An electrical engineering technology, nanosecond electric pulse (nsEP), has been studied to ablate local tumor in a non-thermal and minimally invasive manner. Recently, several groups including our lab discovered that animals with complete tumor ablation following nsEP treatment were protected from a second tumor challenge. Therefore, nsEP tumor ablation is also a novel in situ vaccination approach. Breast cancer is considered a low immunogenic tumor with only a small subset of patients responsive to immune checkpoint inhibitors. We found nsEP treatment resulted in not only a potent in situ vaccine effect in a poorly immunogenic 4T1 mouse breast cancer model but also an abscopal effect, a rejection of distant untreated tumor lesion.
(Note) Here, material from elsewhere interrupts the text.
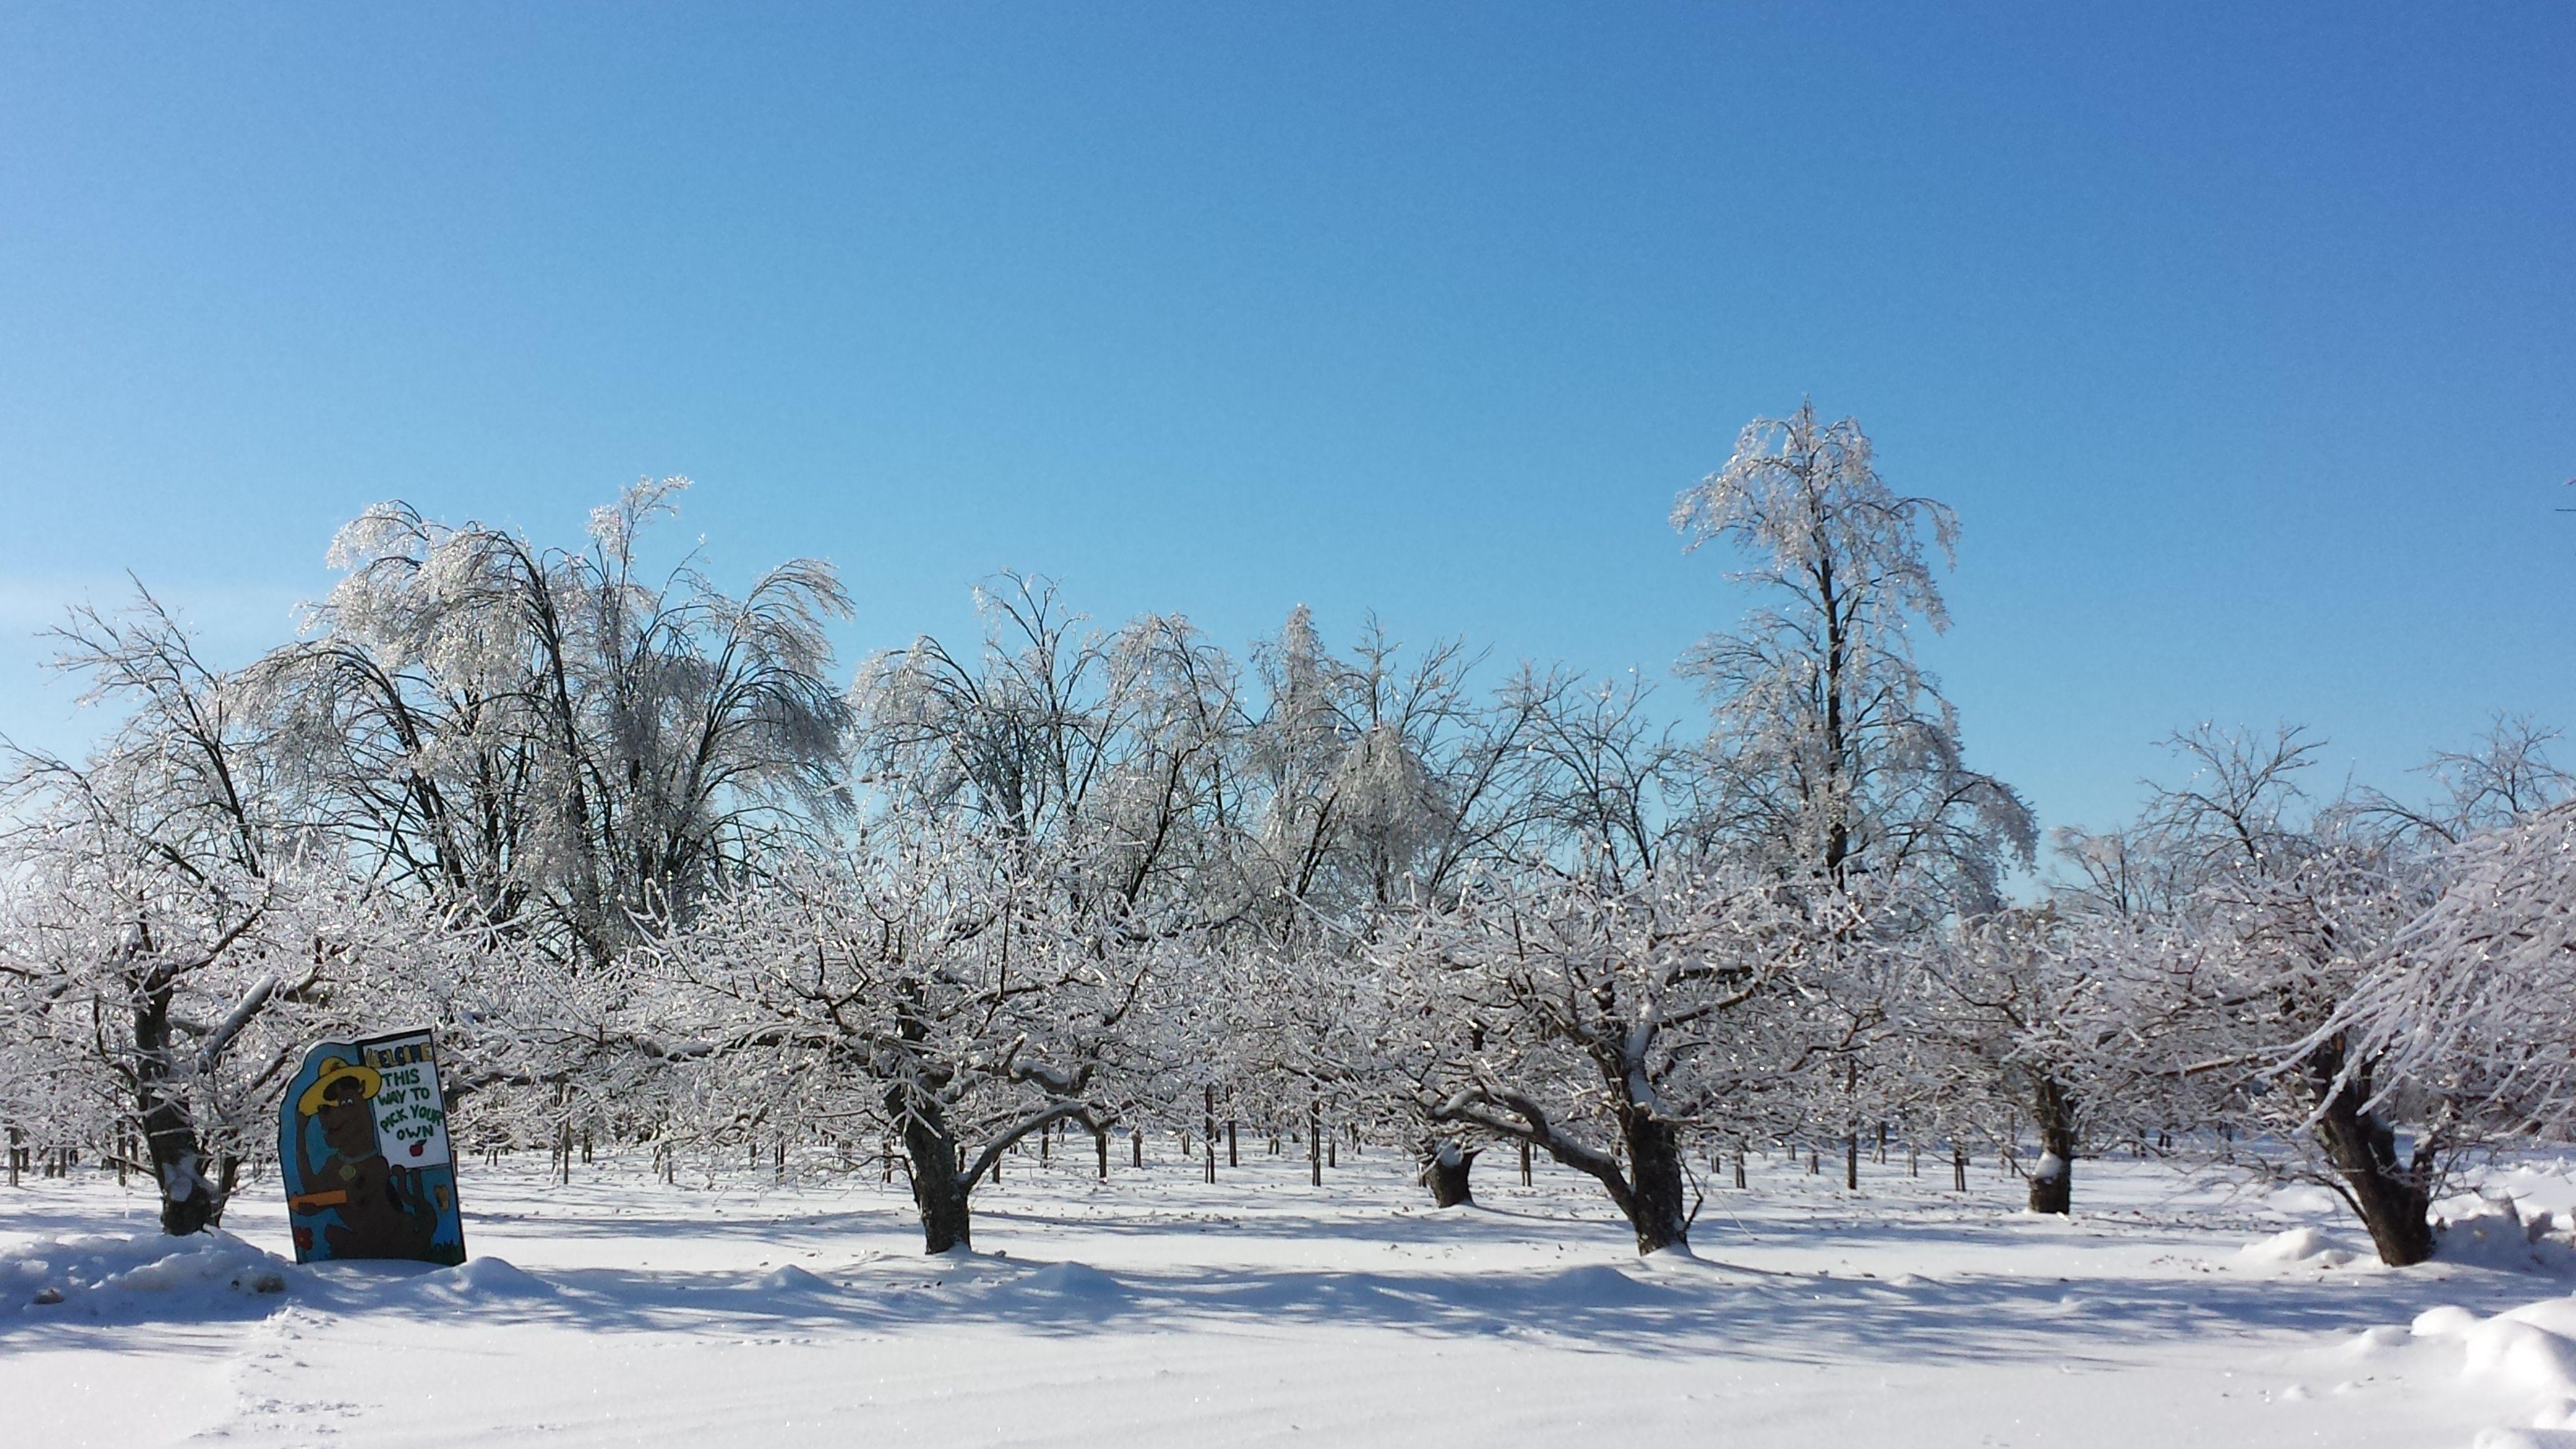 Blue Sky over Icy Farm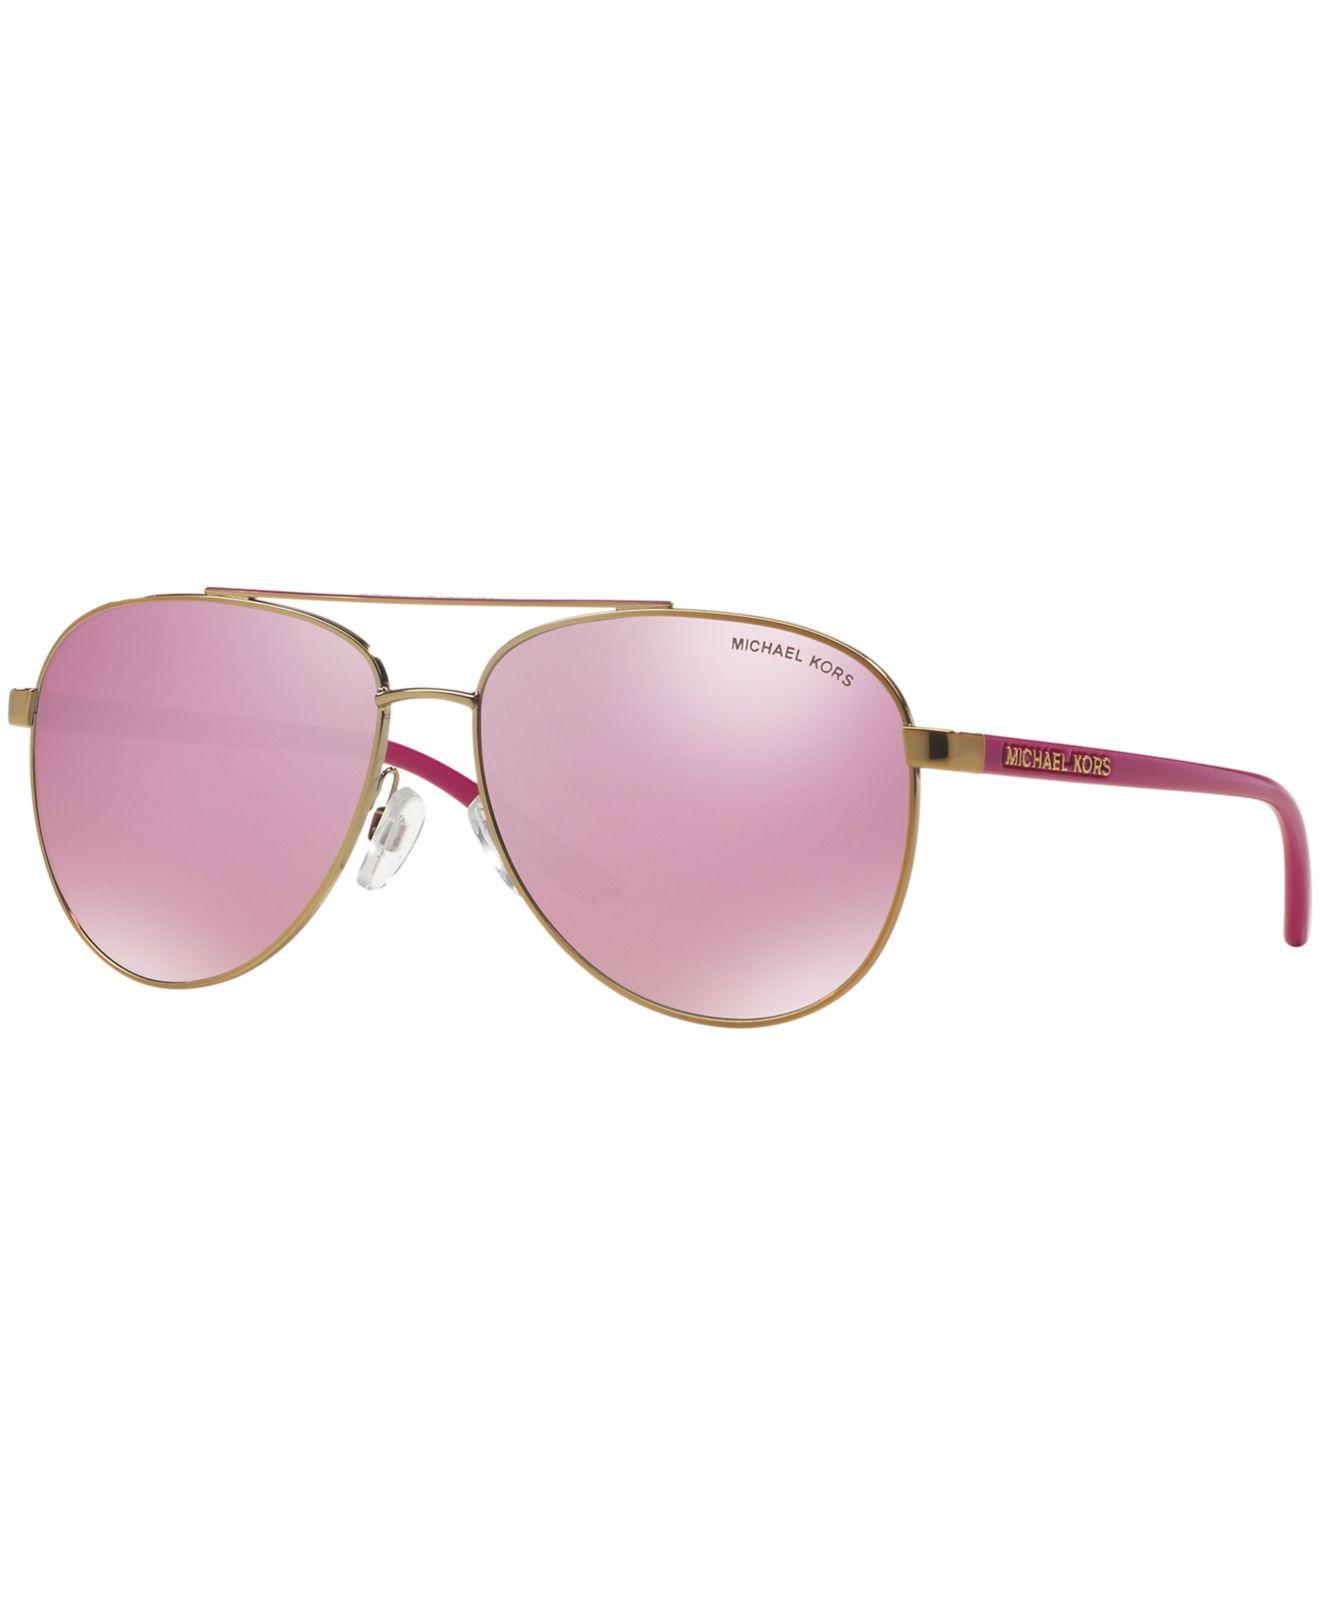 1c543768e8 Lyst - Michael Kors Mk5007 59 Hvar in Pink

We further examined the impact of nsEP on cancer cell death, tumor microenvironment (TME) modification, the dynamic changes of local and systemic immune response. 4T1 cells treated with nsEP did not show apoptotic death markers but released damage-associated molecular patterns, including calreticulin, high mobility group protein B1, and ATP. In contrast to abundant immune suppressor cells in untreated breast TME, nsEP treatment led to a significant reduction of both myeloid-derived suppressor cells and regulatory T cells. Conversely, the ratio of tumor associated macrophages M1-like verse M2-like was reversed. An increase of tissue-resident memory T cells was observed in draining lymph nodes. In summary, our results suggest that nsEP is a novel non-drug immunogenic cell death inducer and in situ vaccination approach. Further elucidation of its mechanisms and the development of an in vivo nsEP delivery system suitable for patients is critical to warrant this novel technology toward a clinical trial.